Strong opinions, weakly held

Tag: DNS

Cleaning up after DNS Changer malware

Paul Vixie (the guy who wrote the BIND DNS server) talks about his efforts to clean up the effects of the DNS Changer malware, which changes the DNS settings on the host computer (and sometimes the routers they use). DNS Changer was, in essence, a black hat advertising network. If you paid them, they would alter the malware victims’ DNS searches to redirect them to sites that promoted your products.

After the DNS Changer network was taken down, Vixie’s job was to come in and stand up replacement DNS servers to take the place of the bogus ones, so that victims of the malware didn’t suddenly lose the ability to perform DNS lookups.
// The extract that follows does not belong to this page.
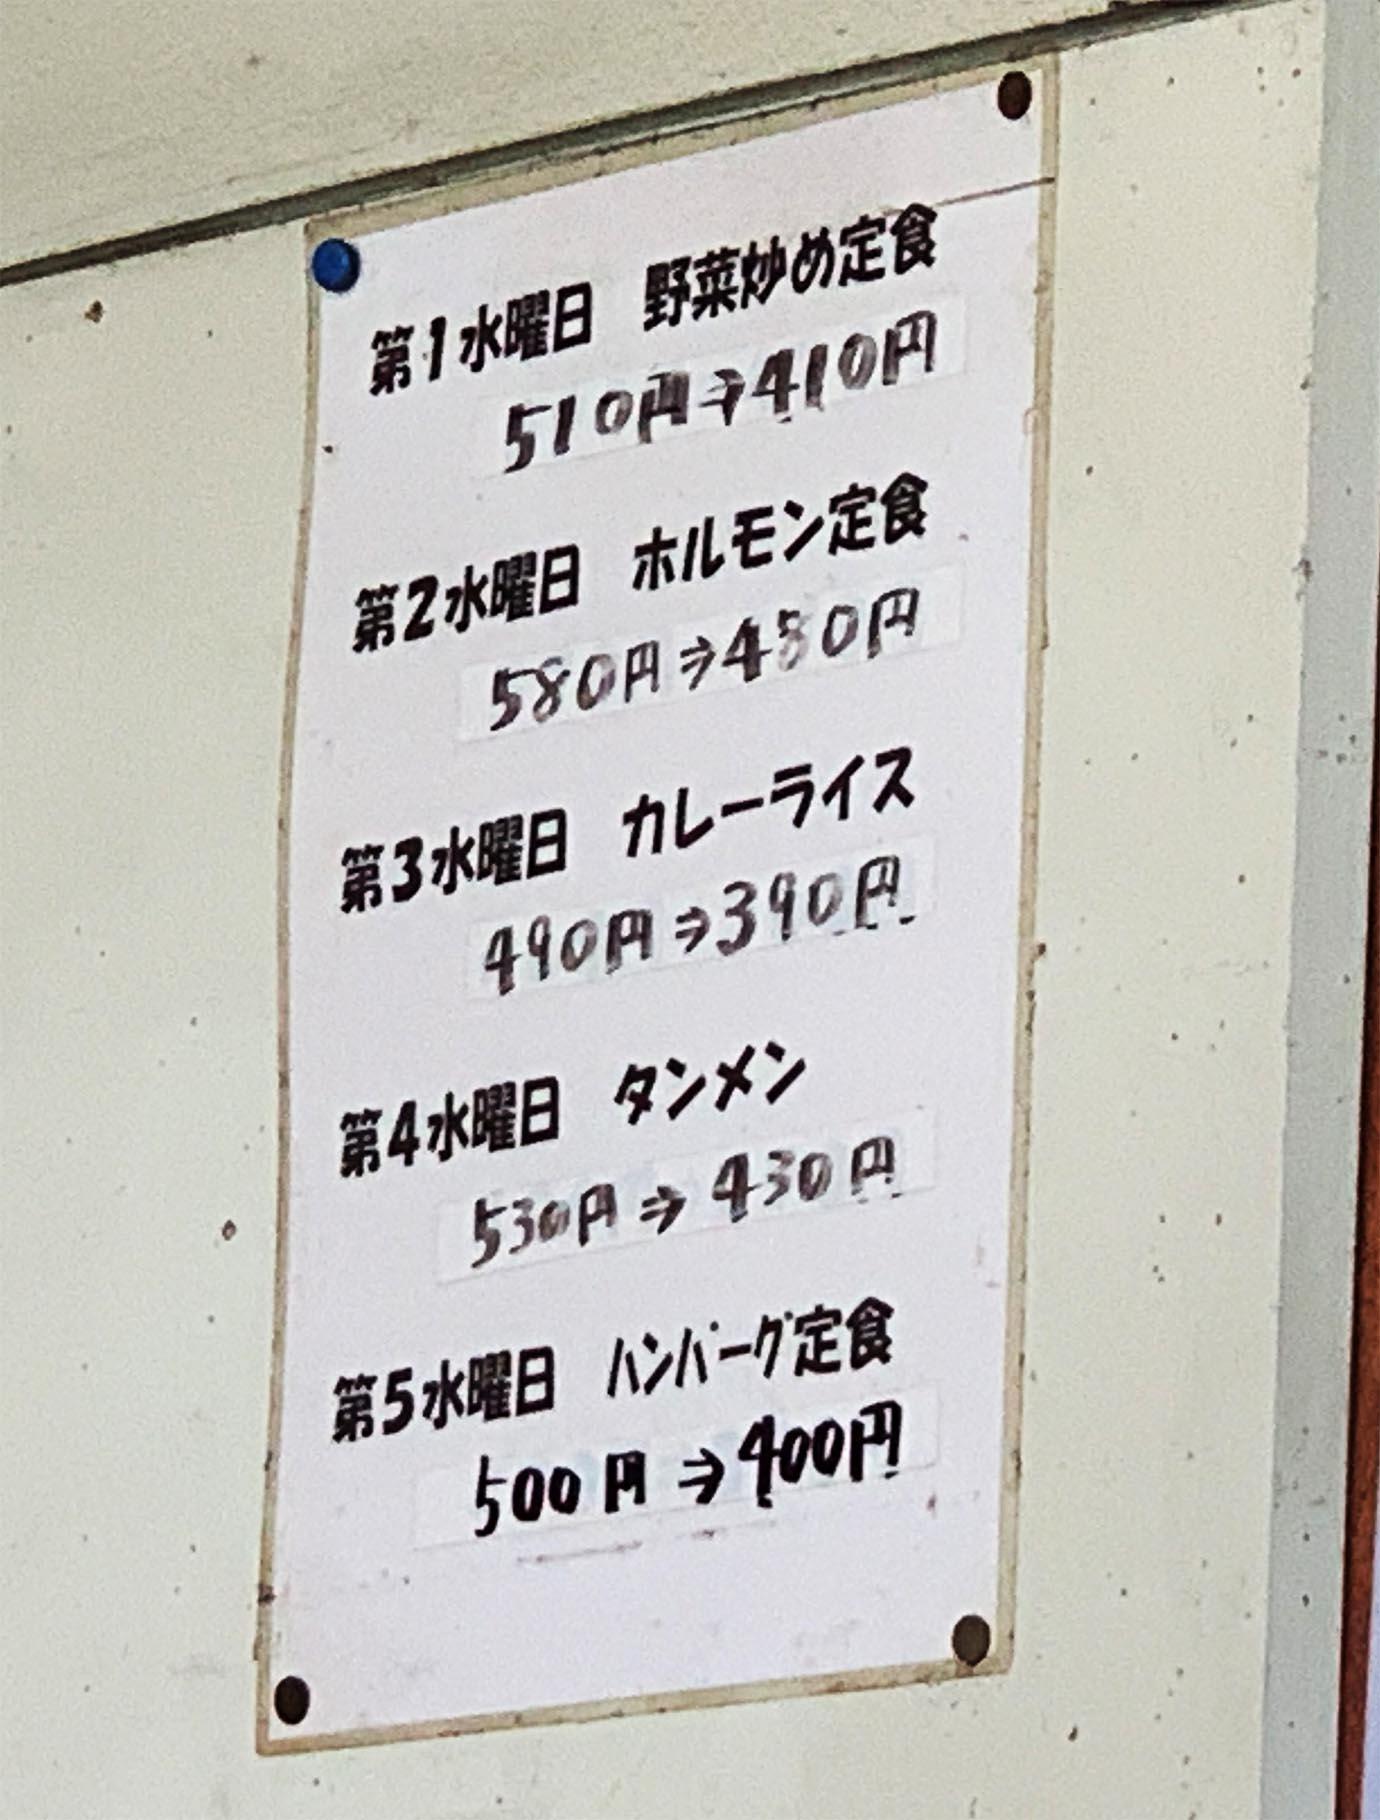 akita-bus-driver-cafeteria8

In the meantime, the working group is trying to remove the malware from hundreds of thousands of devices before the new DNS servers are taken down by court order on June 9.

Interesting look at a tough problem.

Any Web site with a US TLD is now in US jurisdiction

EasyDNS has a chilling post on VeriSign taking down a Canadian Web site in order to service a warrant from the state of Maryland:

We all know that with some US-based Registrars (cough Godaddy cough), all it takes is a badge out of a box of crackerjacks and you have the authority to fax in a takedown request which has a good shot at being honoured. We also know that some non-US registrars, it takes a lot more “due process-iness” to get a domain taken down.

But now, none of that matters, because in this case the State of Maryland simply issued a warrant to .com operator Verisign, (who is headquartered in California) who then duly updated the rootzone for .com with two new NS records for bodog.com which now redirect the domain to the takedown page.

The implications are chilling. So now if you use a TLD that is under the control of a US company, your Web site is in US jurisdiction.